# Complex join

Our first `JOIN` example will cover joins with non-trivial predicate - one with anything beyond AND clauses and equality operations. Those may happen from time to time in your data pipelines.

## Our example
Our job is joining _orders_ with _stores_ to enrich data with stores' metadata. Some invoices are not generated in any of the stores, but online - we do not have any "store" for them, but also do not want to lose them. Doing a simple right outer join is also not an option - to ensure data quality we want to drop all not-null and not matched invoices. The current approach is very SQL-like: we specify join with condition described above.

## The goal
As you might seen (if you try running this example), this job is a bit slow. We will try to identify _why_, then optimize it. If you feel lost, try running the current implementation, then check the execution plan in the Spark UI.

In [0]:
import pyspark.sql.functions as F

# Input data path - this is the data that you need to load.
INPUT_ORDERS_PATH = "/Volumes/tantusdata_playground/default/bde-2023/input/orders.parquet/"
INPUT_STORES_PATH = "/Volumes/tantusdata_playground/default/bde-2023/input/stores.parquet/"

# Volume path - make sure you have created a volume for yourself.
VOLUME_PATH = "/Volumes/tantusdata_playground/default/test-user-001"

WRITE_PATH = f"{VOLUME_PATH}/02-complex-join/products-with-stores.parquet"

In [0]:
orders = spark.read.parquet(INPUT_ORDERS_PATH)
stores = spark.read.parquet(INPUT_STORES_PATH)

# FixMe: try to optimize this join. Make sure to check the data being processed by this job.

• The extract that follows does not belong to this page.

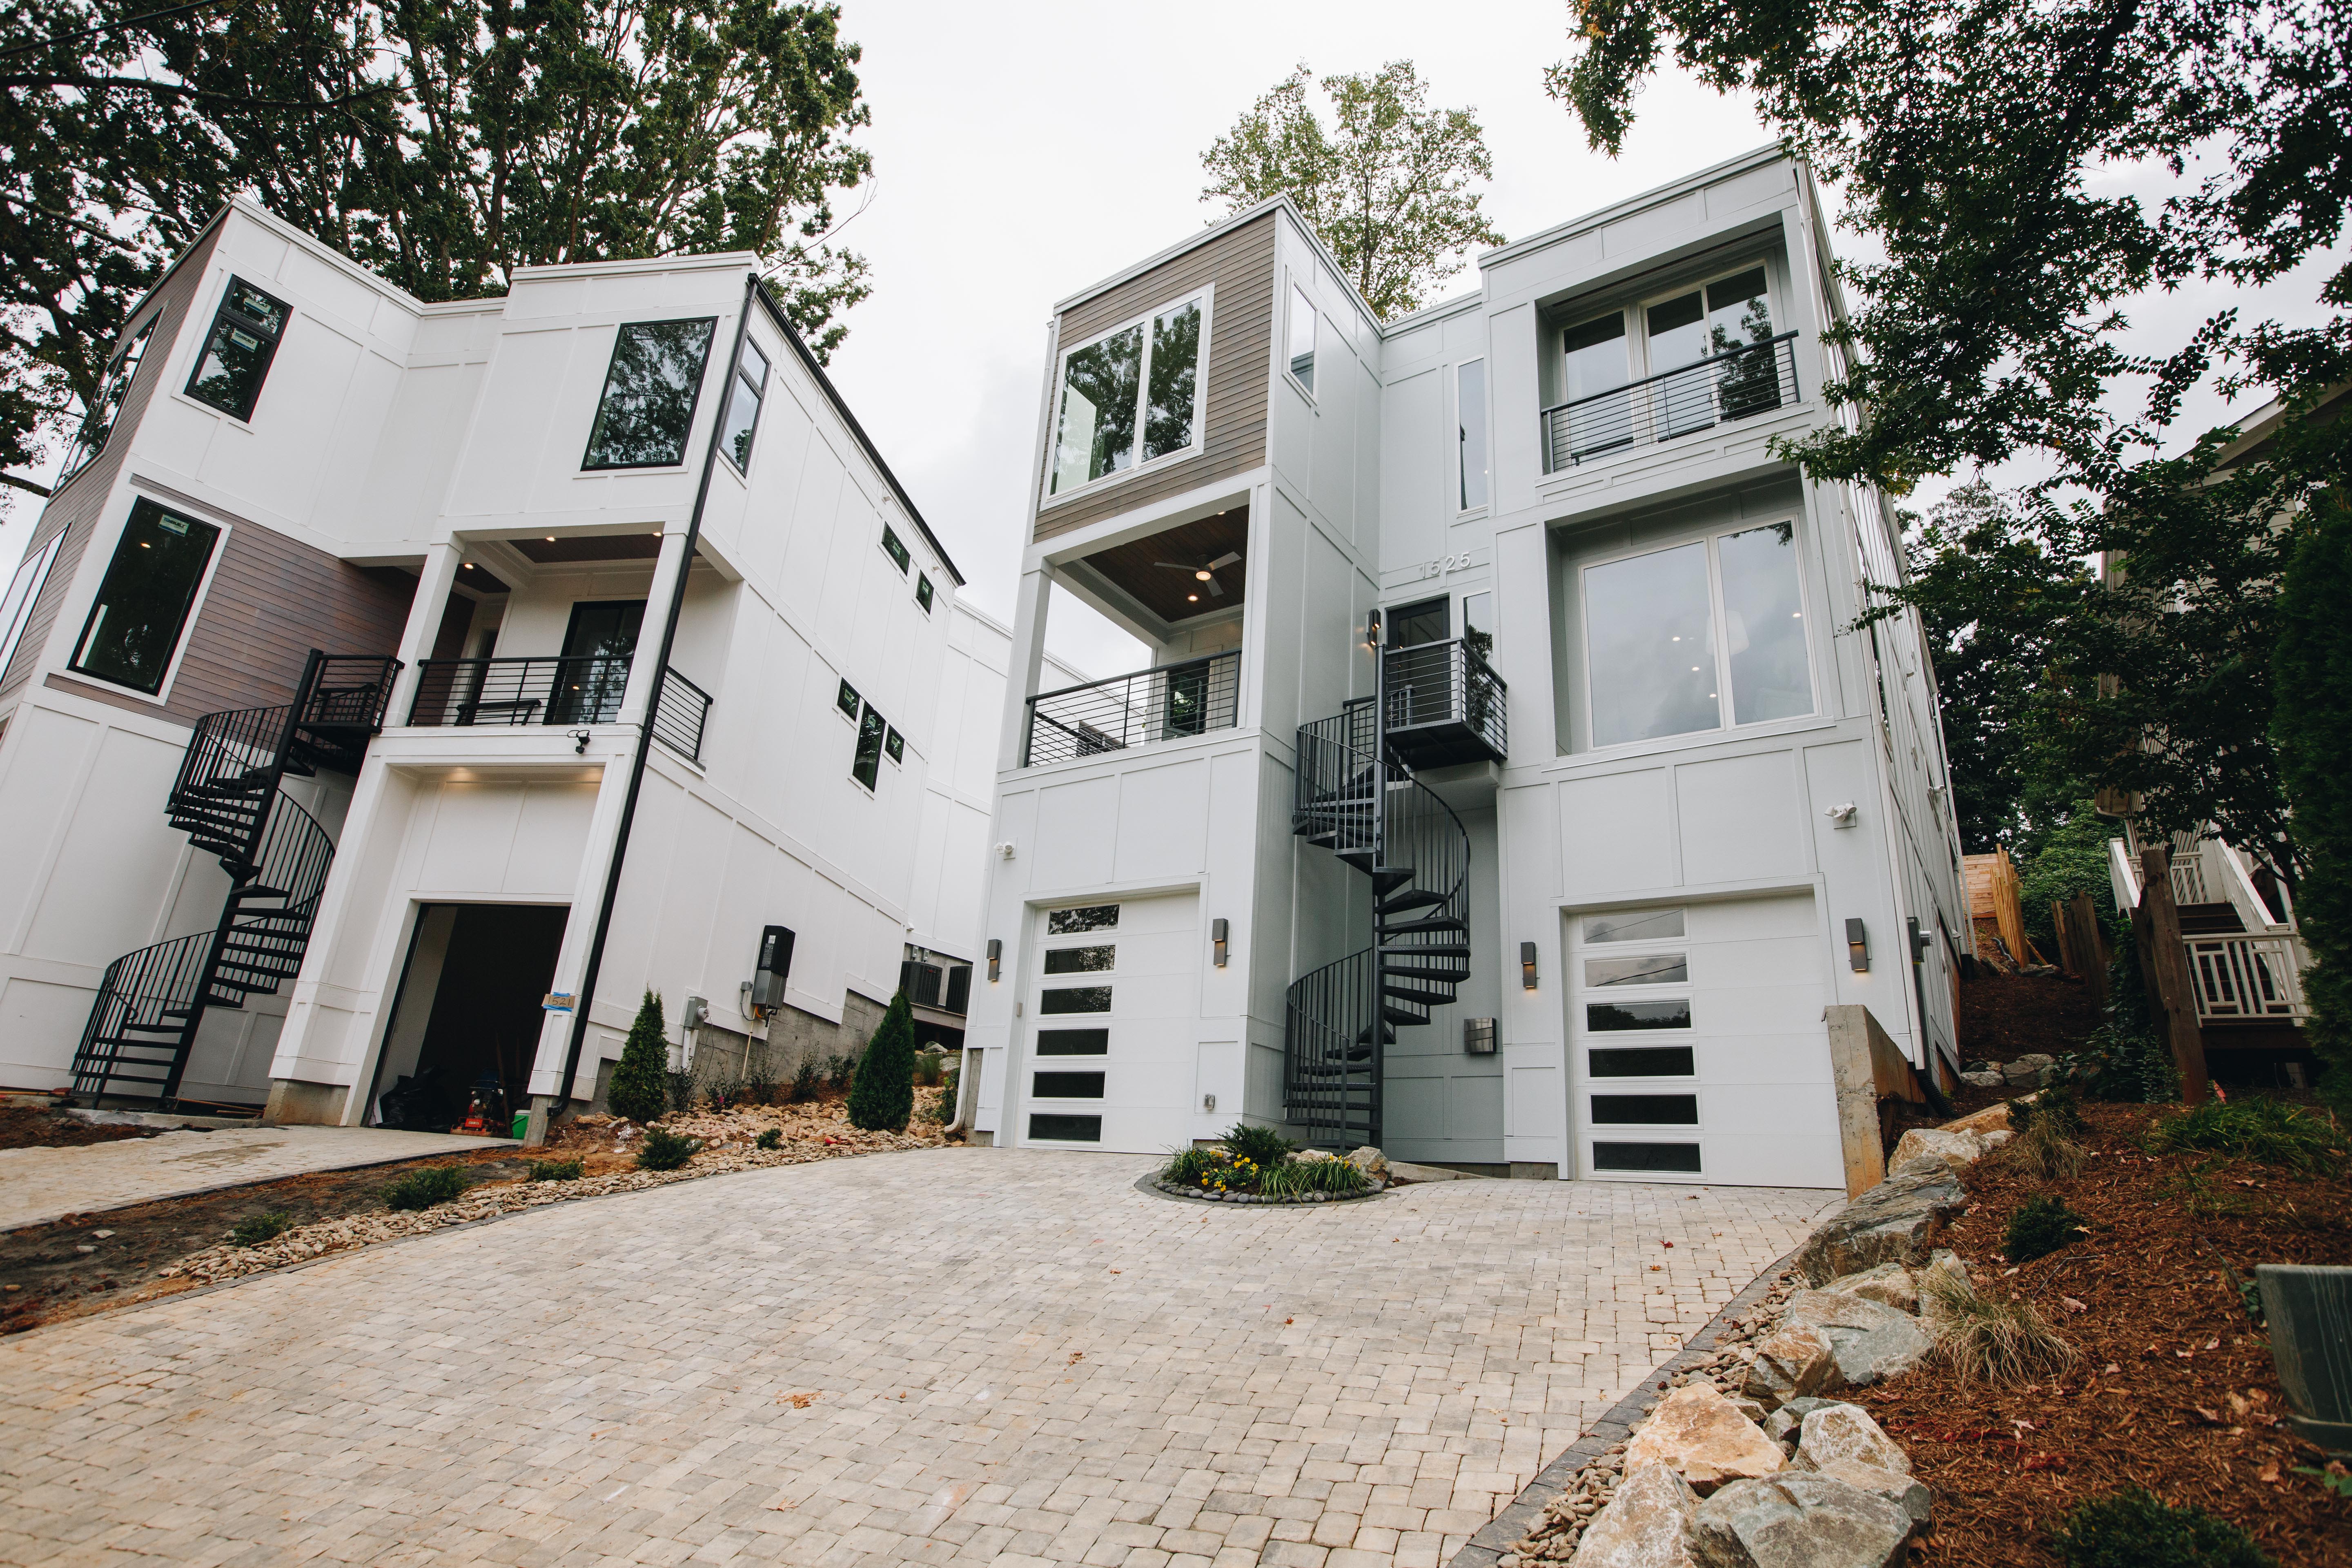 This Midwood home is the future of new home construction in CLT

orders_with_stores = (orders
    .join(stores.withColumnRenamed("storeID", "storeID_2"), (F.col("storeID") == F.col("storeID_2")) | (F.col("storeID") == -F.col("storeID_2")))
    .drop("storeID_2")
)

orders_with_stores.write.mode("overwrite").parquet(WRITE_PATH)

## Assertions

In [0]:
assert(spark.read.parquet(WRITE_PATH).filter("storeID < 0").count() == 374_236)
assert(spark.read.parquet(WRITE_PATH).filter("storeID > 0").count() == 2_125_523)